Beyond board questions, the AP register is also the report you scan when something looks unusual. A vendor name you do not recognize. A payment amount that seems off for a familiar vendor. A vendor billing twice in the same month. The register surfaces all of those patterns clearly — if anyone is reading it.
What the Report Contains
The AP register is generated as part of the monthly close. For every payment the association issued during the period — by paper check, ACH, electronic transfer, or auto-debit — the report shows:
- Date — the date the payment was issued. For checks, this is the cut date (not necessarily the date the bank cleared it). For electronic payments, the date the transfer was initiated.
- Vendor / payee — the vendor or other payee who received the payment. Could be a recurring service vendor, a one-time contractor, a board reimbursement, an owner refund, a utility, or a regulatory payee.

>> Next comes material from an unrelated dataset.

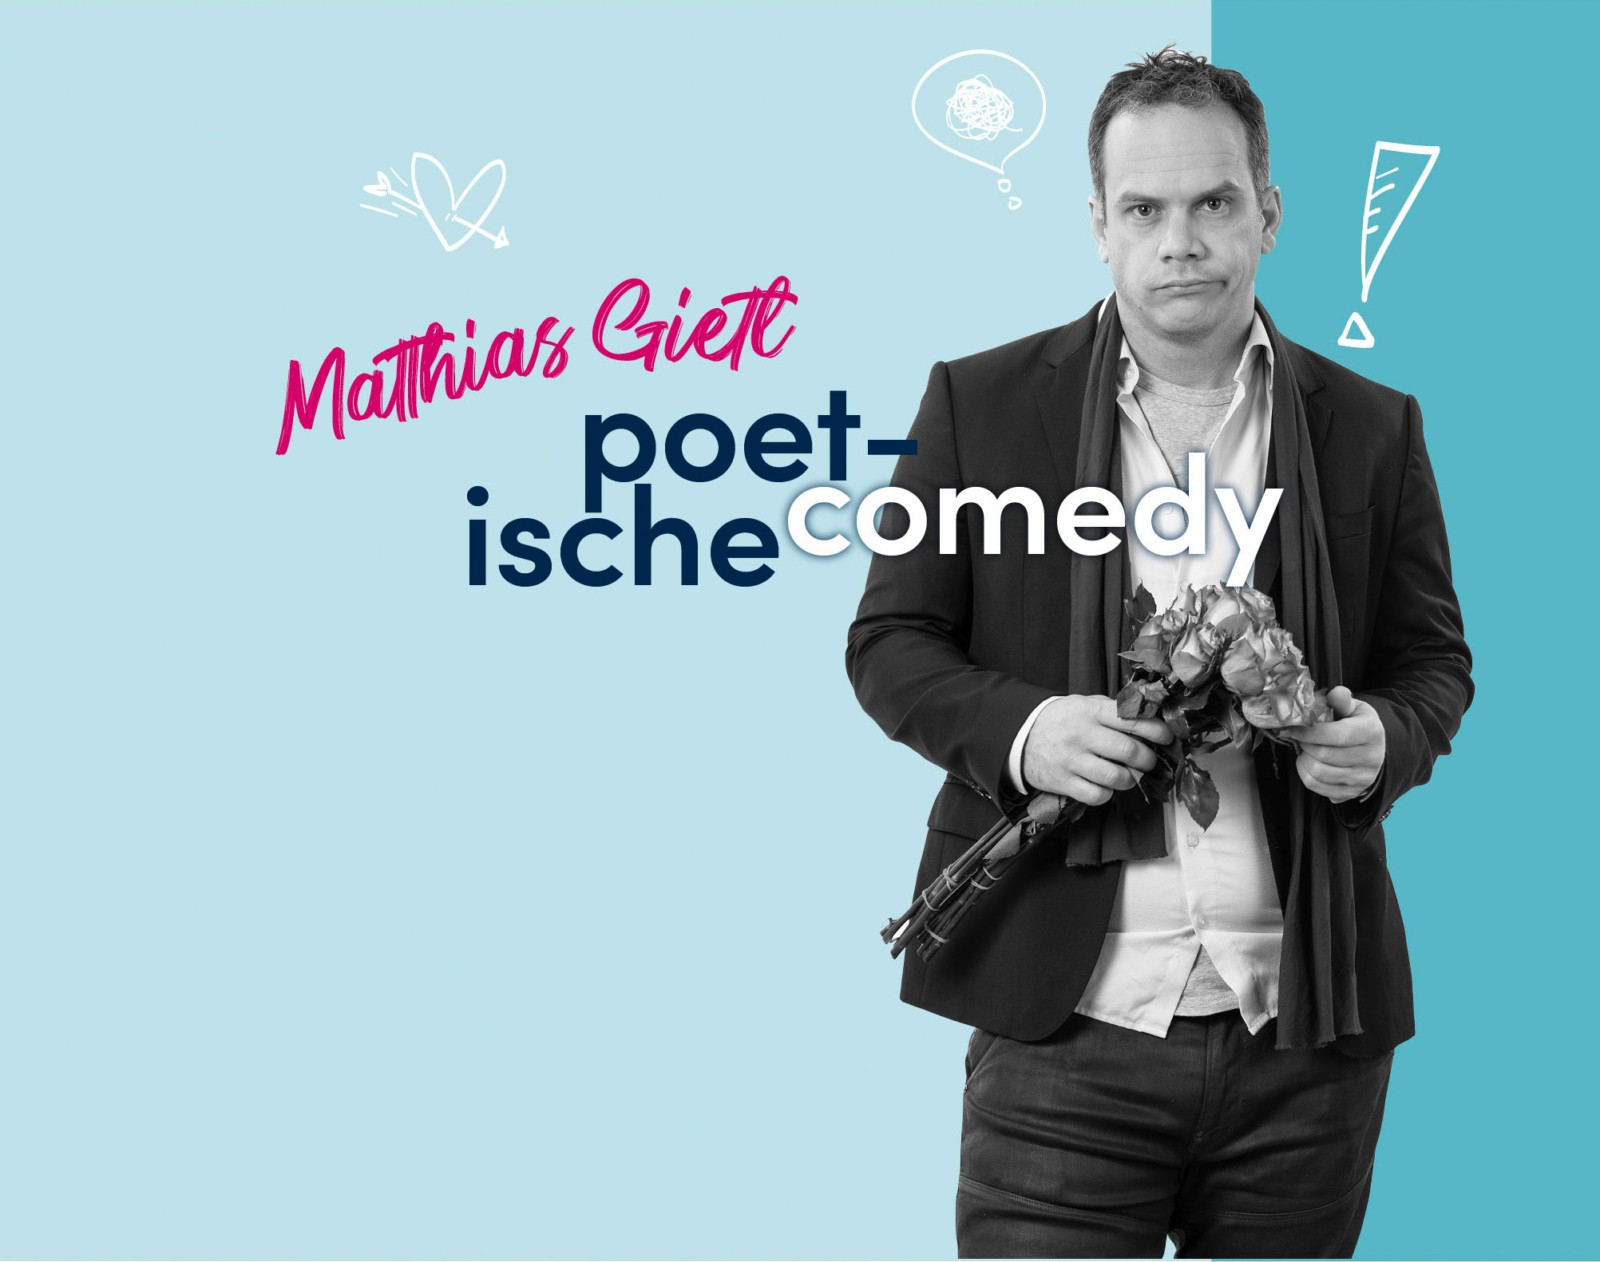 Matthias Gietl - poetische comedy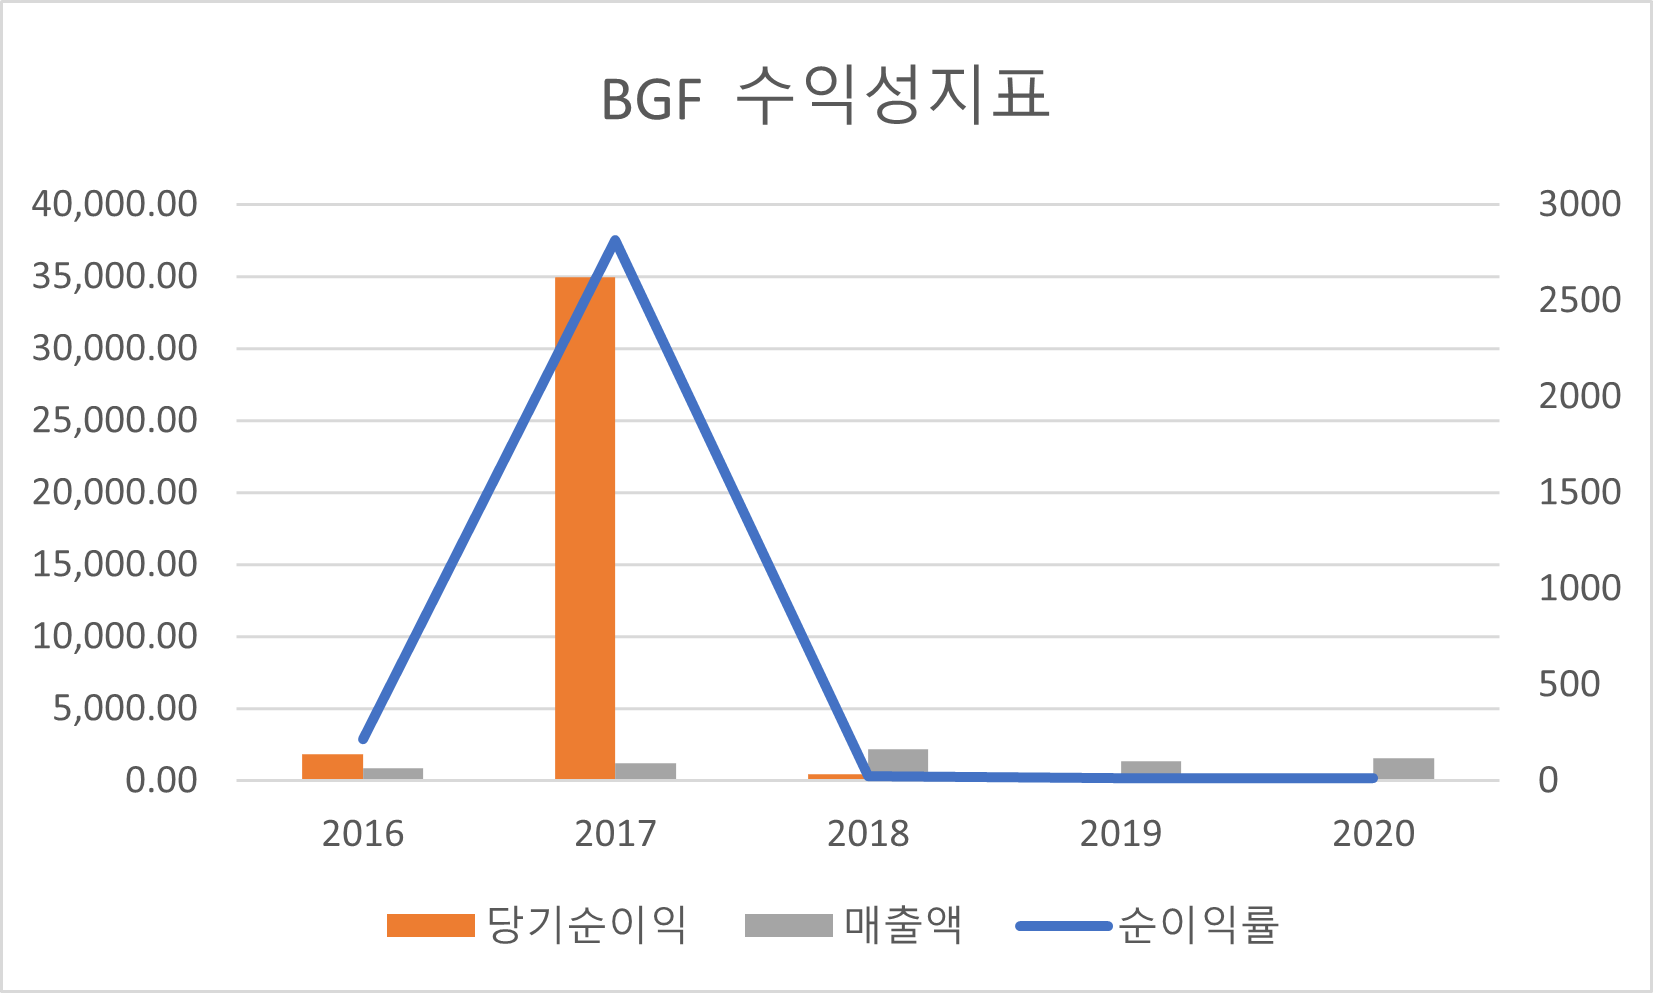 BGF 수익성 지표

- Reference number — the check number for paper checks, an electronic reference for ACH, or "Auto" for configured recurring auto-debits.
- Amount — the payment amount.
- Memo or description — a short note describing what the payment is for. Usually concise: "Monthly landscape," "Insurance renewal," "Legal — matter 1234."
The register is sorted by date, so you read it chronologically. For a typical mid-sized association, the register might run twenty to forty pages with several hundred individual payment lines per month. Most of those lines are small recurring payments (utility bills paid per meter, vendor charges, configured auto-debits); a smaller number are larger contract or project payments.
The total of all the payments on the AP register equals the total cash that left the association’s bank accounts during the period for accounts-payable activity. That total ties to the general ledger’s credit total in the operating cash account for AP-source entries, and it ties — with timing differences for outstanding items — to the bank reconciliation’s cleared-checks total.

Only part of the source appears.